Revisiting the C compiler optimizations
Following up on my previous article on the C compilation pipeline, we will now focus on the effects of compiler optimizations, how they affect the generated executable as well as its consequences on the ability to debug a program.
The compiler, depending on the desired optimization level, will apply a set of increasingly agressive techniques to transform a program's source code to increasingly more efficient machine instructions, speeding up execution and reducing resource consumption. There are no free lunches however, each transformation for the sake of performance slows the compilation process and risks of making the generated machine code less transparent and more challenging to debug.
Modern compilers are sophisticated tools that do far more than simply translate human-readable code into machine instructions. They analyze, transform, and optimize code in ways that can dramatically differ from the original source. For developers, this means the code running on a machine might look quite different from the original source code. We'll use a simple example program to demonstrate how compiler optimizations can fundamentally affect the generated machine code, explore the impact on the ability to debug a running program.

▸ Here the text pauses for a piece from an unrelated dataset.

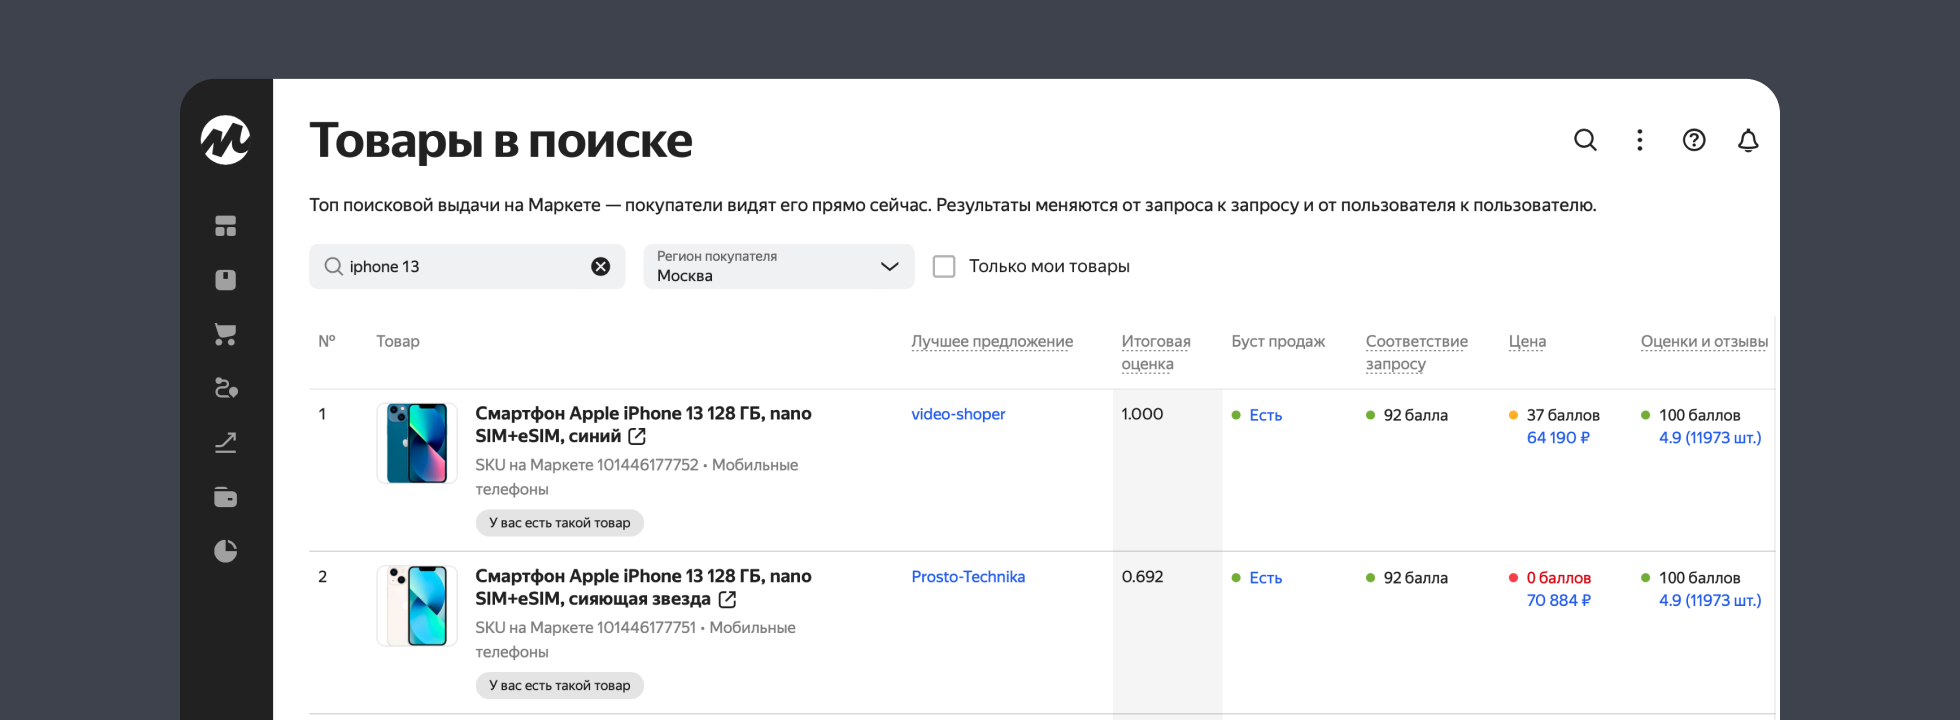 Отчёт «Товары в поиске» от Яндекс.Маркета

A program in its original form
Let's start with a simple toy program:
#include <stdio.h>
int mult(int a, int b) {
return a * b;
}
int main() {
int a = 42;
int b = 12;
int result = mult(a, b);
printf("Result = %d\n", result);
return 0;
}
We can compile this program using gcc without optimizations: gcc -Wall prog.c -o prog
(this is the same as using the -O0
flag).
This will compile the program without any special optimization options, and that is actually reflected in the generated executable.

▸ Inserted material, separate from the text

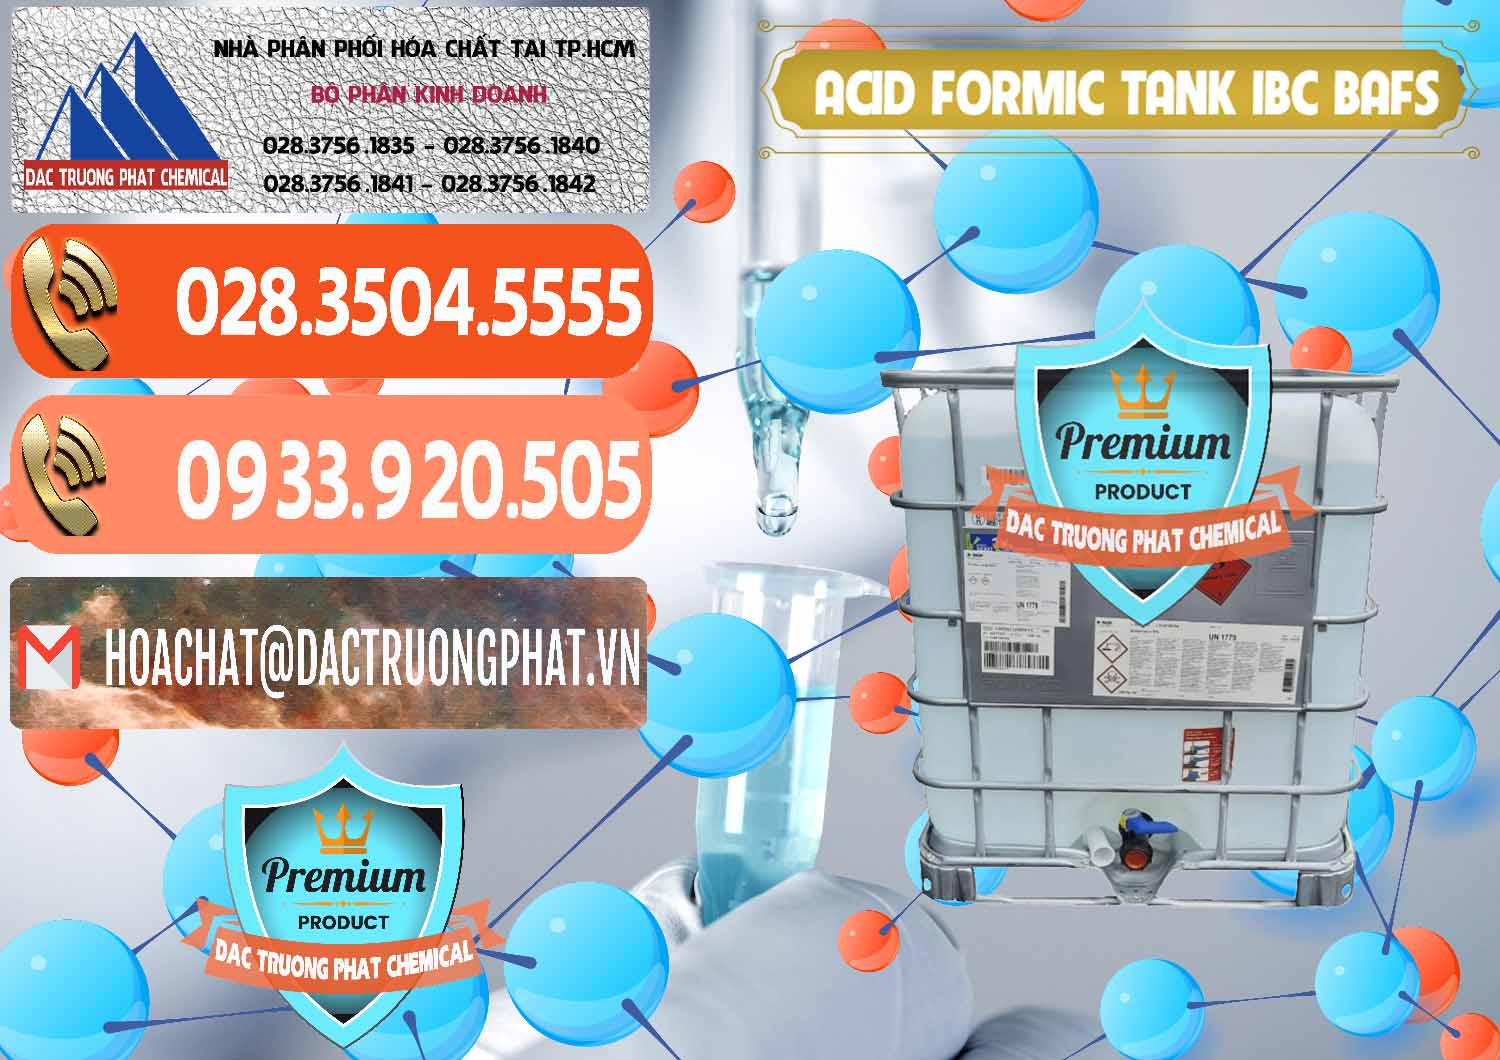 Nơi chuyên bán và cung cấp Acid Formic - Axit Formic Tank - Bồn IBC BASF Đức - 0366 - Cty cung cấp & phân phối hóa chất tại TP.HCM - hoachatmientay.com

The example was compiled on x86 Linux box, the executable will be an ELF1 executable and can be inspected using the readelf
tool.
ELF header section can be read using the readelf -h prog
command and provides some interesting information information about this executable,
its endianness, Application Binary Interface (ABI) and architecture:
ELF Header:
Magic: 7f 45 4c 46 02 01 01 00 00 00 00 00 00 00 00 00
Class: ELF64
Data: 2's complement, little endian
Version: 1 (current)
OS/ABI: UNIX - System V
ABI Version: 0
Type: DYN (Shared object file)
Machine: Advanced Micro Devices X86-64
Version: 0x1
Entry point address: 0x1060
Start of program headers: 64 (bytes into file)

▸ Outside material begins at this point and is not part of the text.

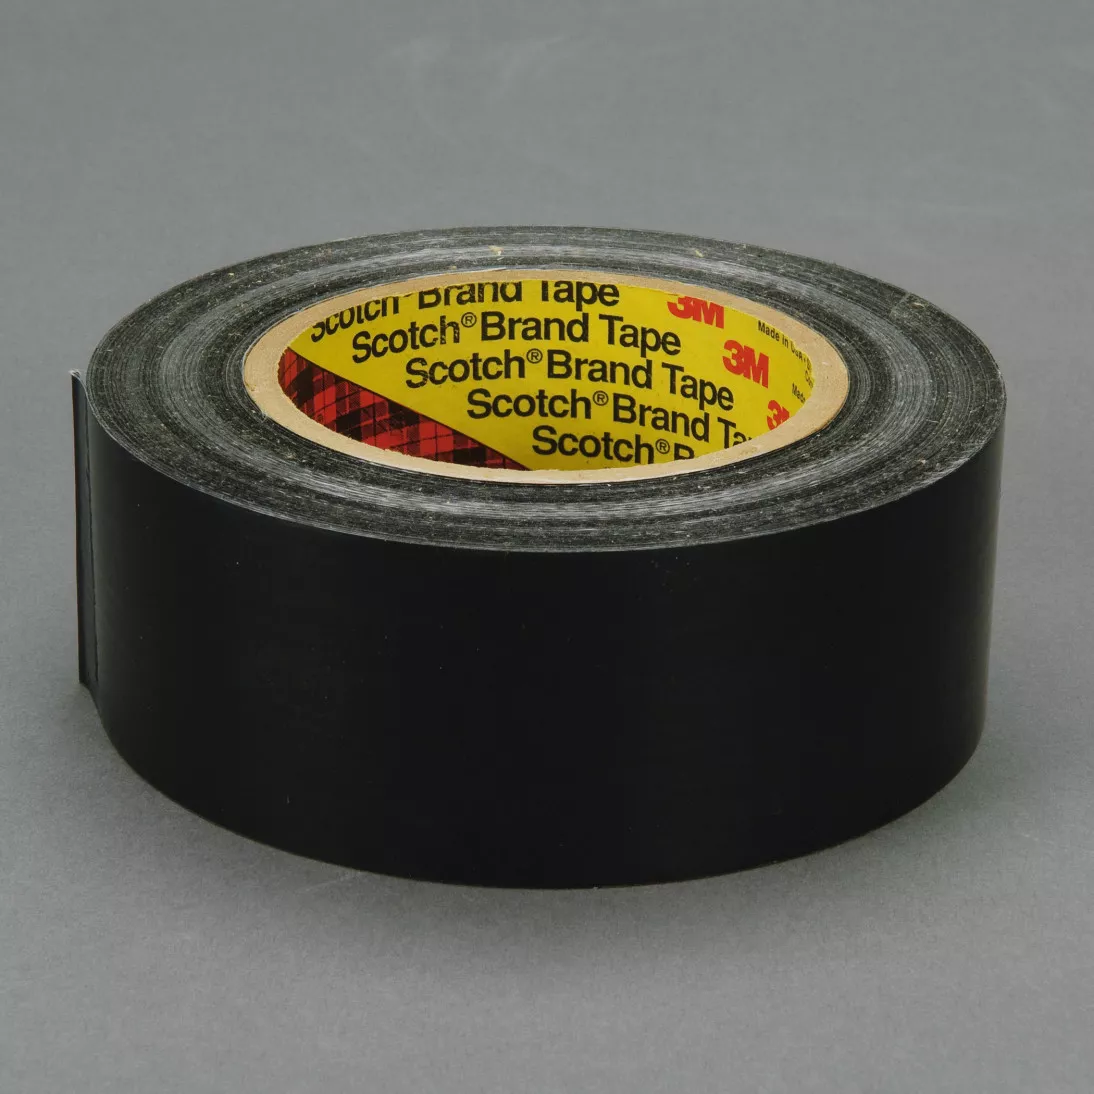 Scotch® Filament Tape 890MSR, Black, 18 mm x 55 m, 8 mil, 48 rolls per
case

Start of section headers: 14744 (bytes into file)
Flags: 0x0
Size of this header: 64 (bytes)
Size of program headers: 56 (bytes)
Number of program headers: 13
Size of section headers: 64 (bytes)
Number of section headers: 31
Section header string table index: 30
In the ELF format the .text.
section2 contains the code that will be executed in runtime.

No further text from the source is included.